→ PROBLEM: The entries below should be transcribed exactly, every one of them.

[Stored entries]
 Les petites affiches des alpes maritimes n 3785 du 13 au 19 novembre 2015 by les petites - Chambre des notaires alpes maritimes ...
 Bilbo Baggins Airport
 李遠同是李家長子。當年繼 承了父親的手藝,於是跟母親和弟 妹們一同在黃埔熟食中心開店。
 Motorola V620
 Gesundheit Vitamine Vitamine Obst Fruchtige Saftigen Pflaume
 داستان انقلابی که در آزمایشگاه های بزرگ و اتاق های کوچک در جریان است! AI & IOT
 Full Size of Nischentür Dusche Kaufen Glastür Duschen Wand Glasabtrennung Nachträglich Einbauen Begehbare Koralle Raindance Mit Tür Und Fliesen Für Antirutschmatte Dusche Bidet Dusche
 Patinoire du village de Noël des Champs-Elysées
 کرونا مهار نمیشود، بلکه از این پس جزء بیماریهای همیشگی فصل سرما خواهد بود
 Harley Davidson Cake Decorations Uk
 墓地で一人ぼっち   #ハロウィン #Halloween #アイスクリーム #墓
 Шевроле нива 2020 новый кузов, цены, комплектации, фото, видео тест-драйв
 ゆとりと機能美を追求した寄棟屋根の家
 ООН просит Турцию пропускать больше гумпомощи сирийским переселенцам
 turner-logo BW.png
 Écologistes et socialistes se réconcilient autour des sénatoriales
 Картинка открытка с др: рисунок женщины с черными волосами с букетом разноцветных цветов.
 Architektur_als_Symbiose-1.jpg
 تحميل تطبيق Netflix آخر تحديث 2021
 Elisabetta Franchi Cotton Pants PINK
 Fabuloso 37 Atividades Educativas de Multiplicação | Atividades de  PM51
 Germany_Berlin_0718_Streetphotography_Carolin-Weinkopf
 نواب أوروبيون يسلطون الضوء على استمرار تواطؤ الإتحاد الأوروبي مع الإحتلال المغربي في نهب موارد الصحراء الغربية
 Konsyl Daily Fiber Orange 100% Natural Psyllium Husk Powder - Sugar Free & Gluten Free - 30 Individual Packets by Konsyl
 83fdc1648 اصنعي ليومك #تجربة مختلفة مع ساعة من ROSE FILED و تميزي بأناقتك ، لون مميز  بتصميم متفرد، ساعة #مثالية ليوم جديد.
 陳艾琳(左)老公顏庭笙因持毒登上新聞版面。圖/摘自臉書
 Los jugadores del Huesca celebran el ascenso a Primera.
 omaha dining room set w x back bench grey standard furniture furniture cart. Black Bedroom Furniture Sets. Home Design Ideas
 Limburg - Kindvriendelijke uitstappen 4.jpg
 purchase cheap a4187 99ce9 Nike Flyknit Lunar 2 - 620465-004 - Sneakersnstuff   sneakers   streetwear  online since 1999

→ TASK OUTPUT:
 Les petites affiches des alpes maritimes n 3785 du 13 au 19 novembre 2015 by les petites - Chambre des notaires alpes maritimes ...
 Bilbo Baggins Airport
 李遠同是李家長子。當年繼 承了父親的手藝,於是跟母親和弟 妹們一同在黃埔熟食中心開店。
 Motorola V620
 Gesundheit Vitamine Vitamine Obst Fruchtige Saftigen Pflaume
 داستان انقلابی که در آزمایشگاه های بزرگ و اتاق های کوچک در جریان است! AI & IOT
 Full Size of Nischentür Dusche Kaufen Glastür Duschen Wand Glasabtrennung Nachträglich Einbauen Begehbare Koralle Raindance Mit Tür Und Fliesen Für Antirutschmatte Dusche Bidet Dusche
 Patinoire du village de Noël des Champs-Elysées
 کرونا مهار نمیشود، بلکه از این پس جزء بیماریهای همیشگی فصل سرما خواهد بود
 Harley Davidson Cake Decorations Uk
 墓地で一人ぼっち   #ハロウィン #Halloween #アイスクリーム #墓
 Шевроле нива 2020 новый кузов, цены, комплектации, фото, видео тест-драйв
 ゆとりと機能美を追求した寄棟屋根の家
 ООН просит Турцию пропускать больше гумпомощи сирийским переселенцам
 turner-logo BW.png
 Écologistes et socialistes se réconcilient autour des sénatoriales
 Картинка открытка с др: рисунок женщины с черными волосами с букетом разноцветных цветов.
 Architektur_als_Symbiose-1.jpg
 تحميل تطبيق Netflix آخر تحديث 2021
 Elisabetta Franchi Cotton Pants PINK
 Fabuloso 37 Atividades Educativas de Multiplicação | Atividades de  PM51
 Germany_Berlin_0718_Streetphotography_Carolin-Weinkopf
 نواب أوروبيون يسلطون الضوء على استمرار تواطؤ الإتحاد الأوروبي مع الإحتلال المغربي في نهب موارد الصحراء الغربية
 Konsyl Daily Fiber Orange 100% Natural Psyllium Husk Powder - Sugar Free & Gluten Free - 30 Individual Packets by Konsyl
 83fdc1648 اصنعي ليومك #تجربة مختلفة مع ساعة من ROSE FILED و تميزي بأناقتك ، لون مميز  بتصميم متفرد، ساعة #مثالية ليوم جديد.
 陳艾琳(左)老公顏庭笙因持毒登上新聞版面。圖/摘自臉書
 Los jugadores del Huesca celebran el ascenso a Primera.
 omaha dining room set w x back bench grey standard furniture furniture cart. Black Bedroom Furniture Sets. Home Design Ideas
 Limburg - Kindvriendelijke uitstappen 4.jpg
 purchase cheap a4187 99ce9 Nike Flyknit Lunar 2 - 620465-004 - Sneakersnstuff   sneakers   streetwear  online since 1999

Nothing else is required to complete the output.